By mid-November 1915, the last peasant stronghold had fallen.
The Haitian government had received large loans from American and French banks over the preceding decades and was growing increasingly incapable of fulfilling debt repayment. Within six weeks of the occupation, representatives from the United States controlled Haitian customs houses and institutions such as banks and the national treasury. Through manipulation, 40% of the national income went to alleviating debt repayment to American and French banks. This economic decision ignored the interests of the majority of the Haitian population. For the next nineteen years, United States advisers governed the country, enforced by the United States Marine Corps.
Representatives wielded veto power over all governmental decisions, and Marine Corps commanders served as administrators. Opposition to the occupation began immediately after the Marines entered. The rebels vehemently resisted American control. In response, the Haitian and American governments began a vigorous campaign to disband the rebel armies.
Phillip Sudre Dartiguenave, the president of the Senate, agreed to accept the presidency and, in 1917, he dissolved the legislature after its members refused to approve a new American-written constitution. However, a referendum subsequently approved it in 1918. Though generally a liberal document, it allowed foreigners to purchase land, which had been disallowed by patriot Jean-Jacques Dessalines and was considered odious by most Haitians.
In 1922, Dartiguenave was replaced by Louis Borno, whose dictatorial rule lasted until 1930. That same year, General John H. Russell Jr. was appointed High Commissioner.
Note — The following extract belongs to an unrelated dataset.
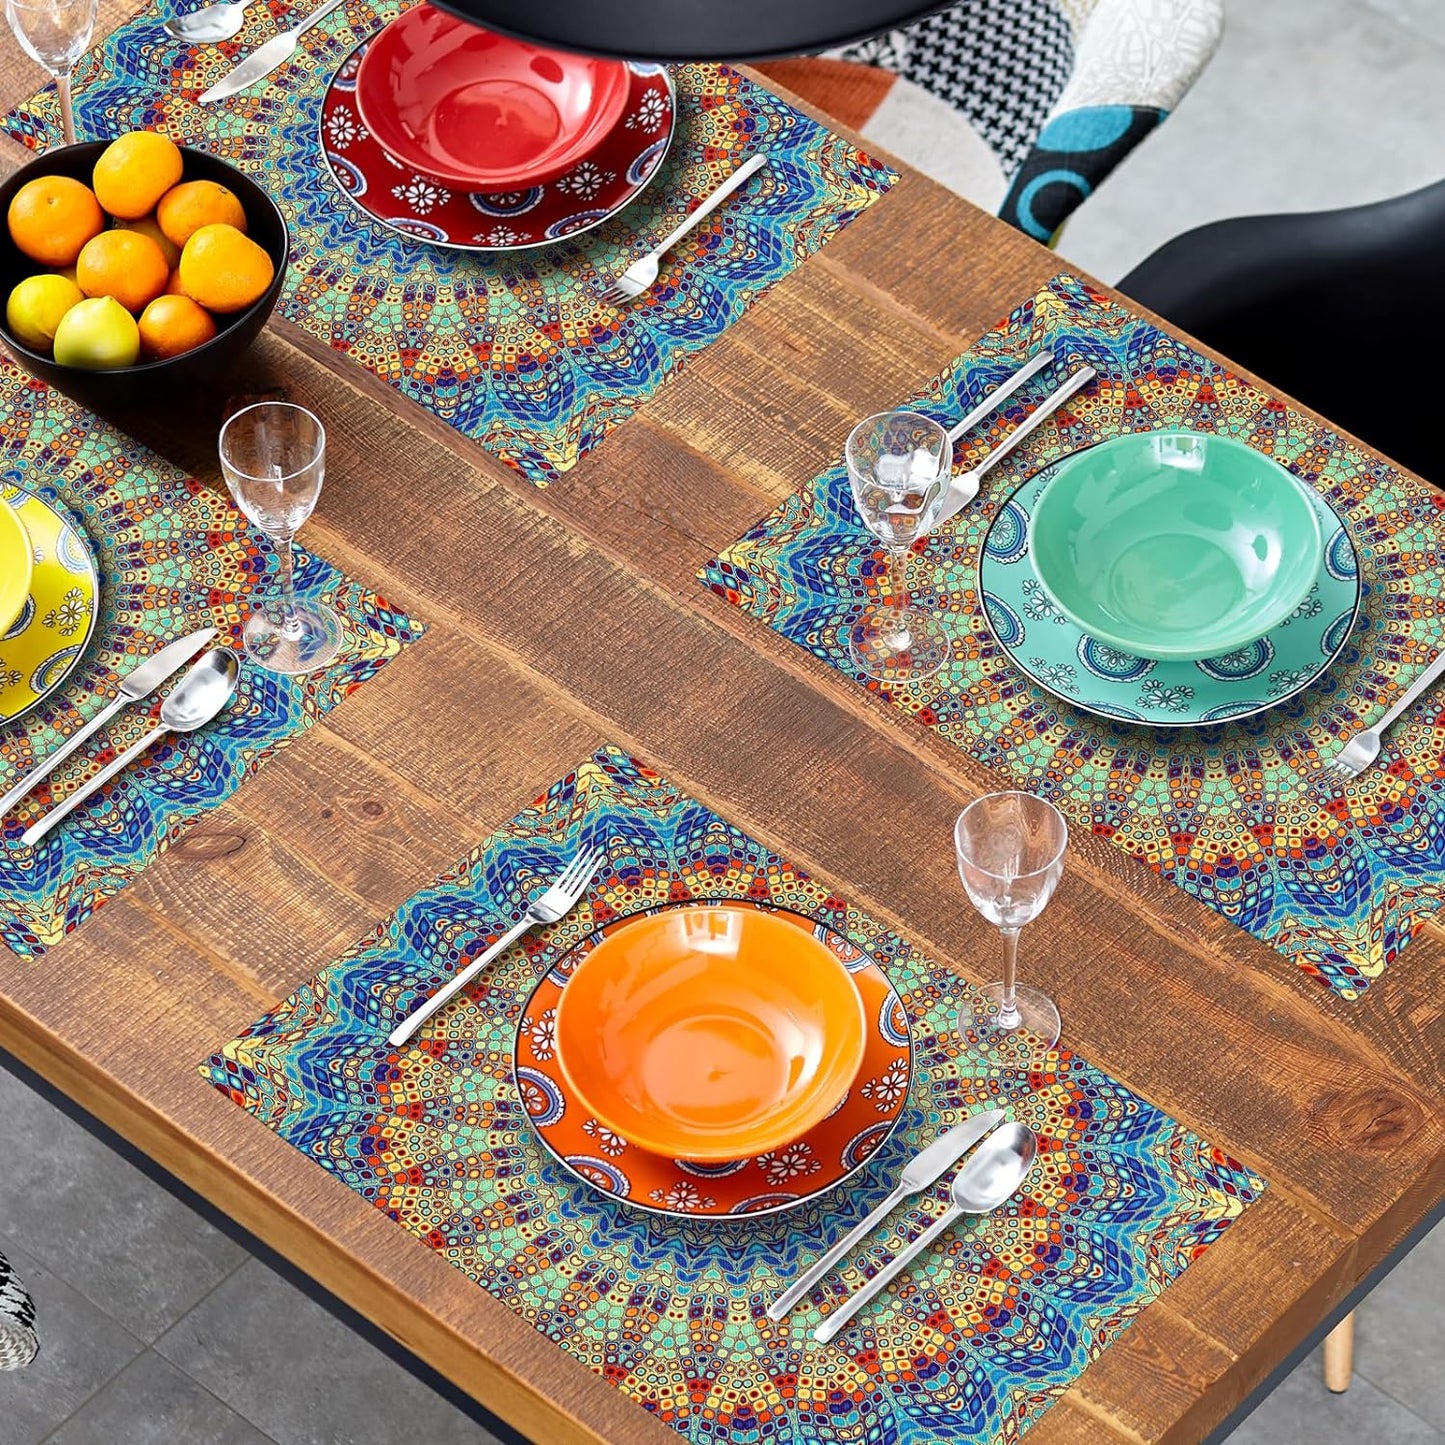 Knicewhome Boho Mandala Placemats Set of 4, Colorful Boho Table Mats 12 X 18 Inch Bohemian Table Placemats Non-Slip Heat Resistant Place Mats for Dining Kitchen Table Party Coffee Bar Accessories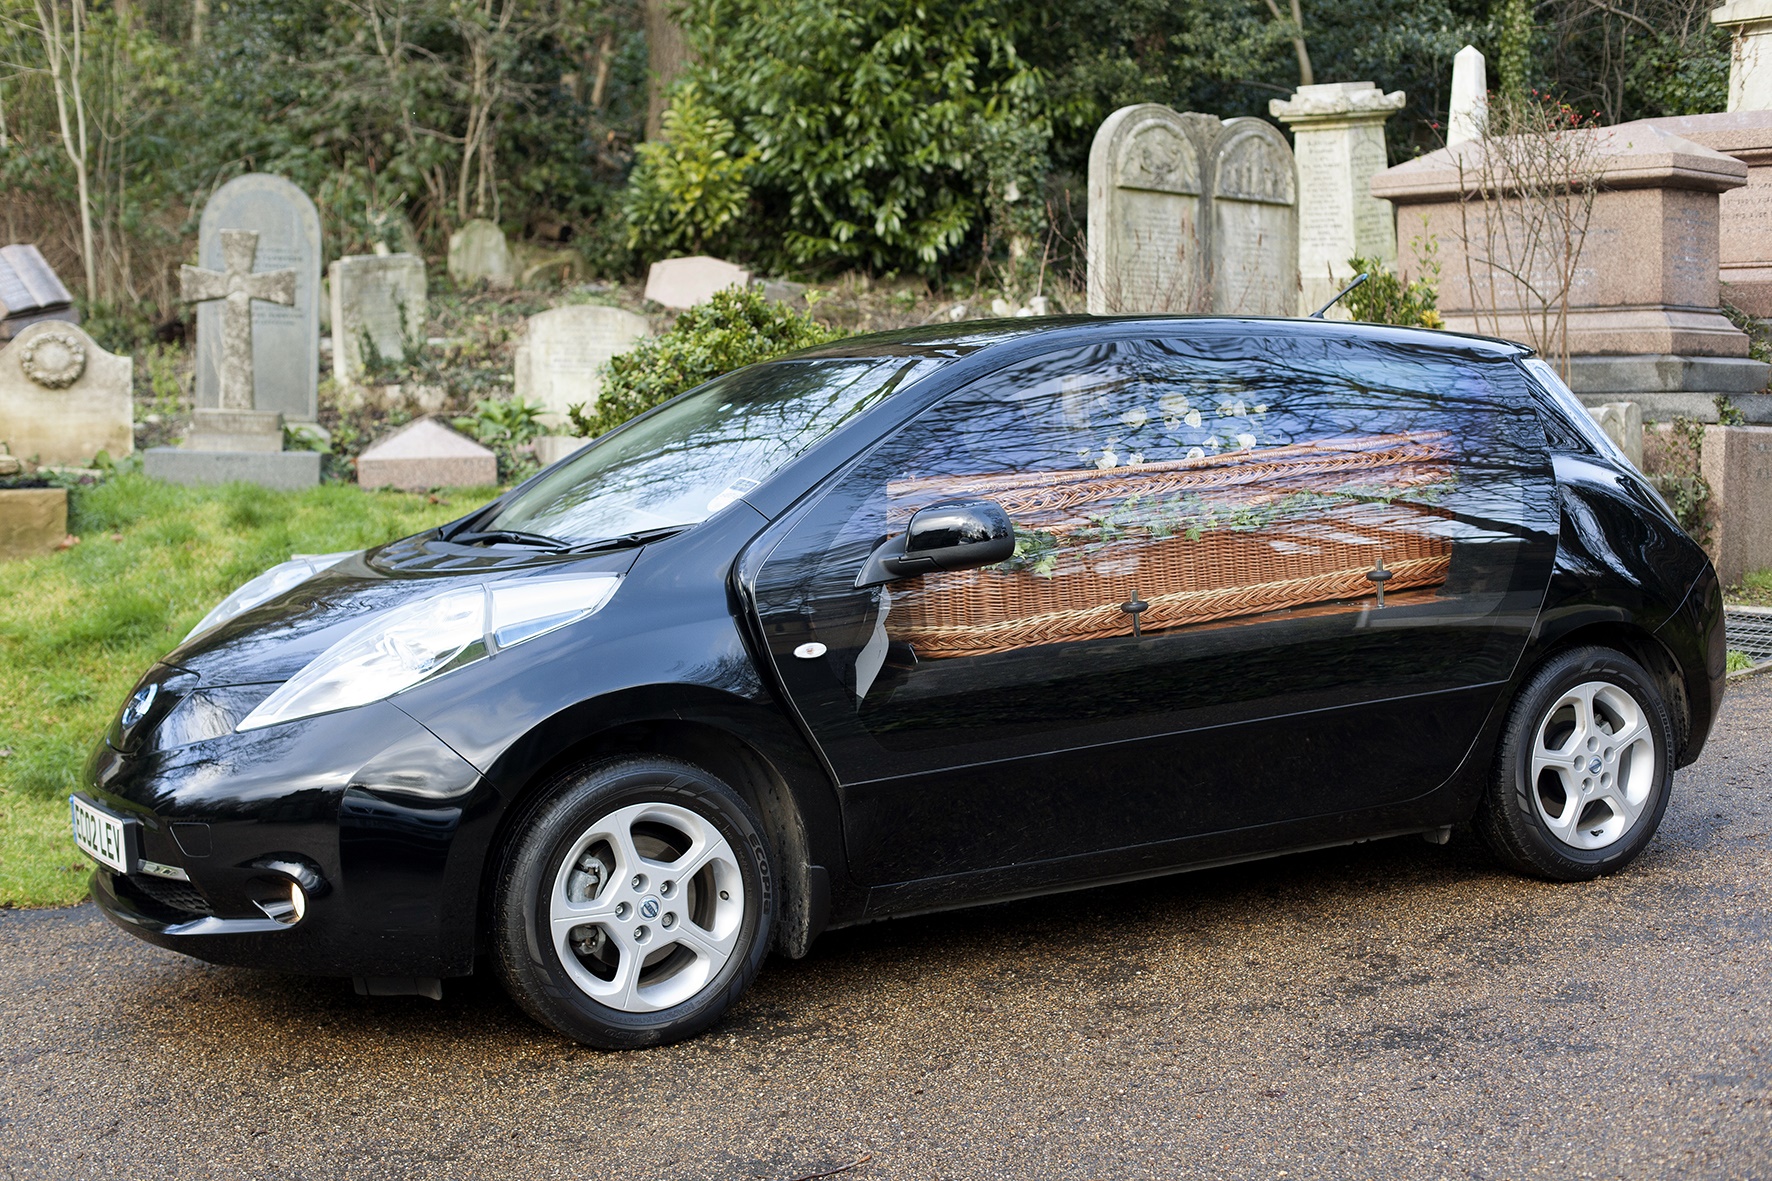 how did the hearse funeral car get its name and what does hearse mean in norman language

The Borno-Russell dictatorship expanded the economy, building over 1,000 miles of road, modernizing facilities, and establishing a public health service. Sugar and cotton became significant exports. However, the Great Depression destroyed even this progress. By 1930, President Hoover became concerned about the occupation, particularly after a December 1929 incident in Les Cayes, where Marines killed ten Haitian peasants. Although disengagement policies began by 1932 and the last U.S. Marines departed on August 15, 1934, the U.S. retained dominion over Haiti’s finances until 1947.
Is this a guarantee that American contractors would act similarly if let loose today? Certainly not. Nothing in history is inevitable, but the entwined nature of business and politics in Haitian-American foreign relations ought to give scholars and attentive readers everywhere pause. It is also true that certain gains arose from the American effort and some Haitians see the period as one of unusual stability. Nevertheless, according to International Studies PhD, Figaro Joseph, both Haiti’s poor and intellectuals are frightened by the prospect American rebuilding.